Javier Antonio Payeras (born 6 February 1974 in Guatemala City) is a Guatemalan poet, novelist, and essayist.

==Biography==
Central American writer (Guatemala 1974). He is one of the writers who emerged after the Guatemalan Civil War as part of the so-called postwar generation. From 1998, he joined an emerging movement called Casa Bizarra, a project of young artists from the post-conflict generation. A tireless promoter of culture, he was coordinator of the Festival Octubreazul in 2000, director of the Contemporary Art Foundation Colloquia, and curator of Project Crea.

==Published works==
- Fondo para un disco de John Zorn (poetry, 2013)
- Soledadbrother (stage adaptation by Luis Carlos Pineda and Josué Sotomayor) Centro Cultural de Spain in Guatemala and Catafixia Editorial (2013
- Imágenes para un View-Master (fiction, 2003, 2010)

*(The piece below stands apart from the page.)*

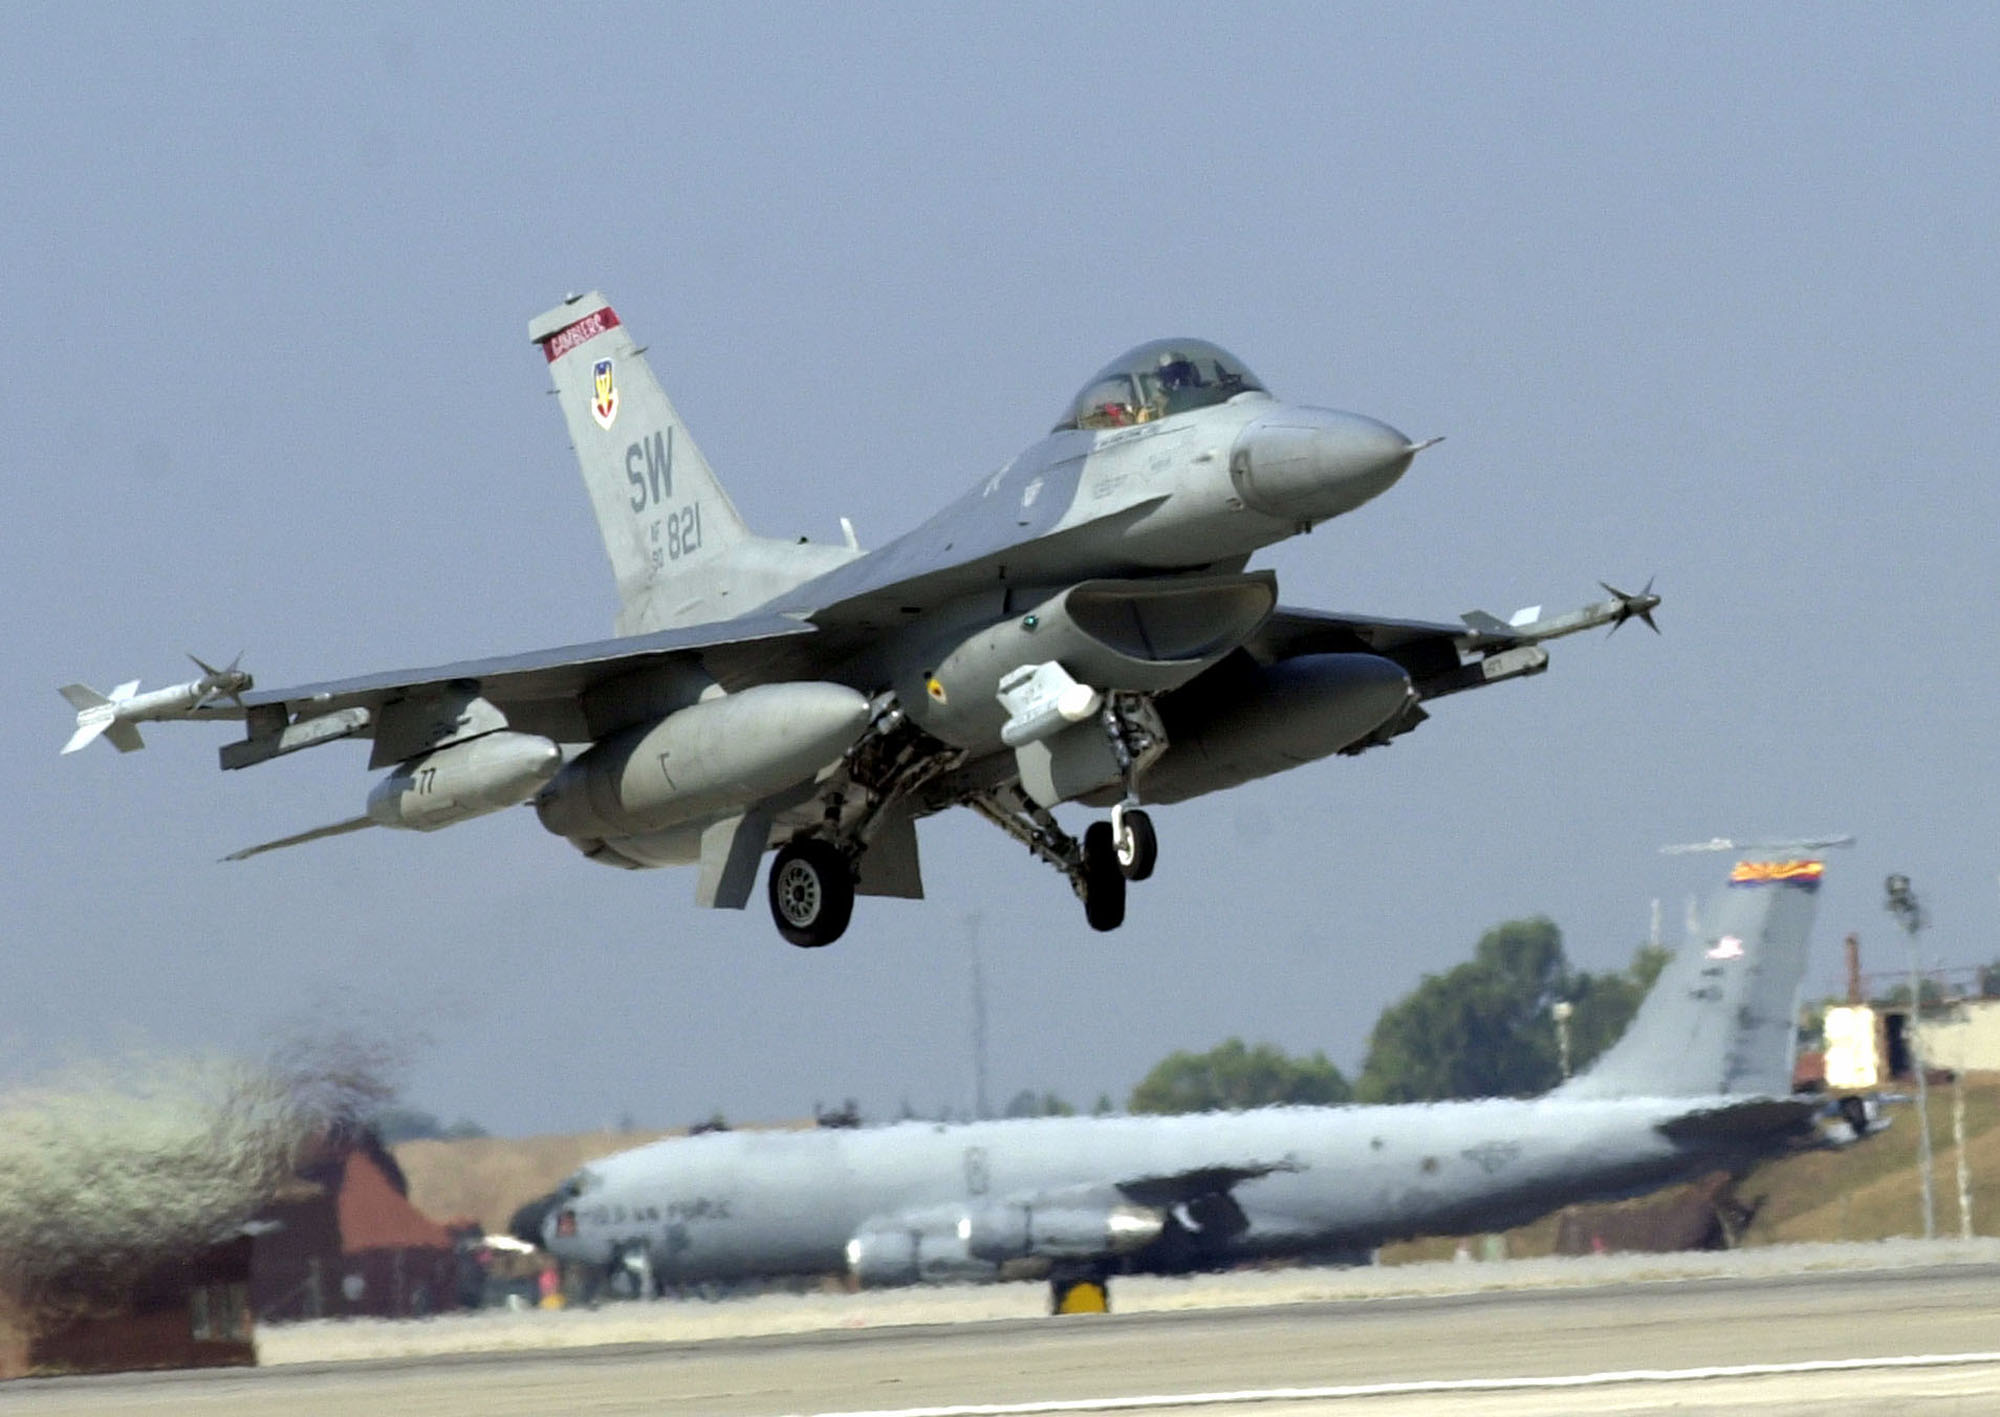 A U.S. F-16, F16 fighter jet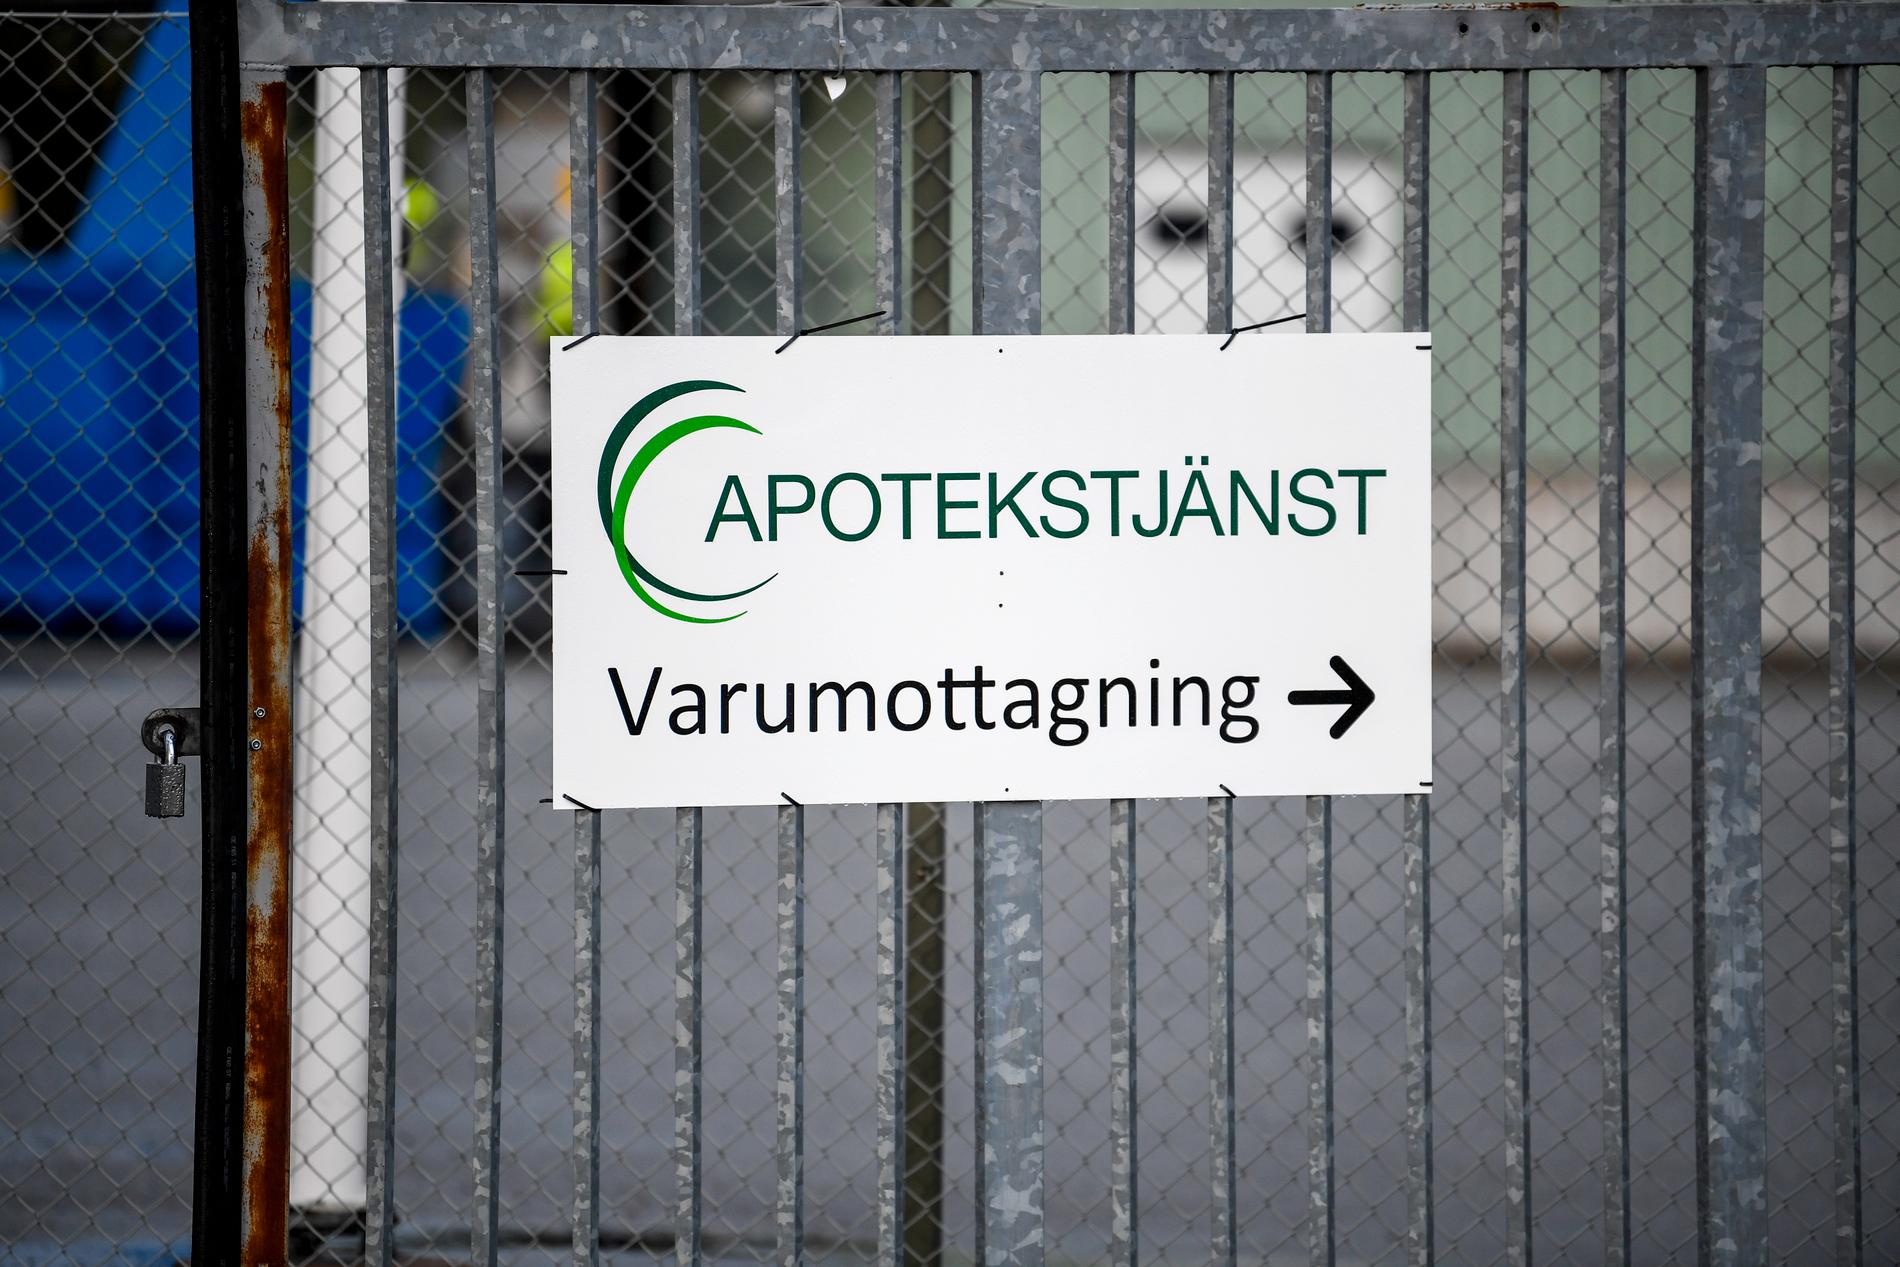 Apotekstjänst lager i Uppsala, där vd:n befann sig men inte ville svara på TT:s frågor.

- Soledadbrother (poetry, 2003, 2010)
- Ruido de Fondo (fiction, 2003, 2006)
- Afuera (fiction, 2006)
- Las palabras que luego abandonamos (poetry, 2007)
- Lecturas menores (reviews and literary essays, 2008)
- Dos de sal Gema / Relatos autodidactas (poetry and narrative, 2008)
- Días Amarillos (novel, 2009)
- Post-its de luz sucia (poetry, 2009)
- La resignación y la asfixia (poetry, 2011)
- (...) y otros relatos breves (short stories, 2000, 2012)
- limbo (fiction, 2011)
- Déjate caer (poetry, 2012)
- Raktas (fiction, 2000, 2013)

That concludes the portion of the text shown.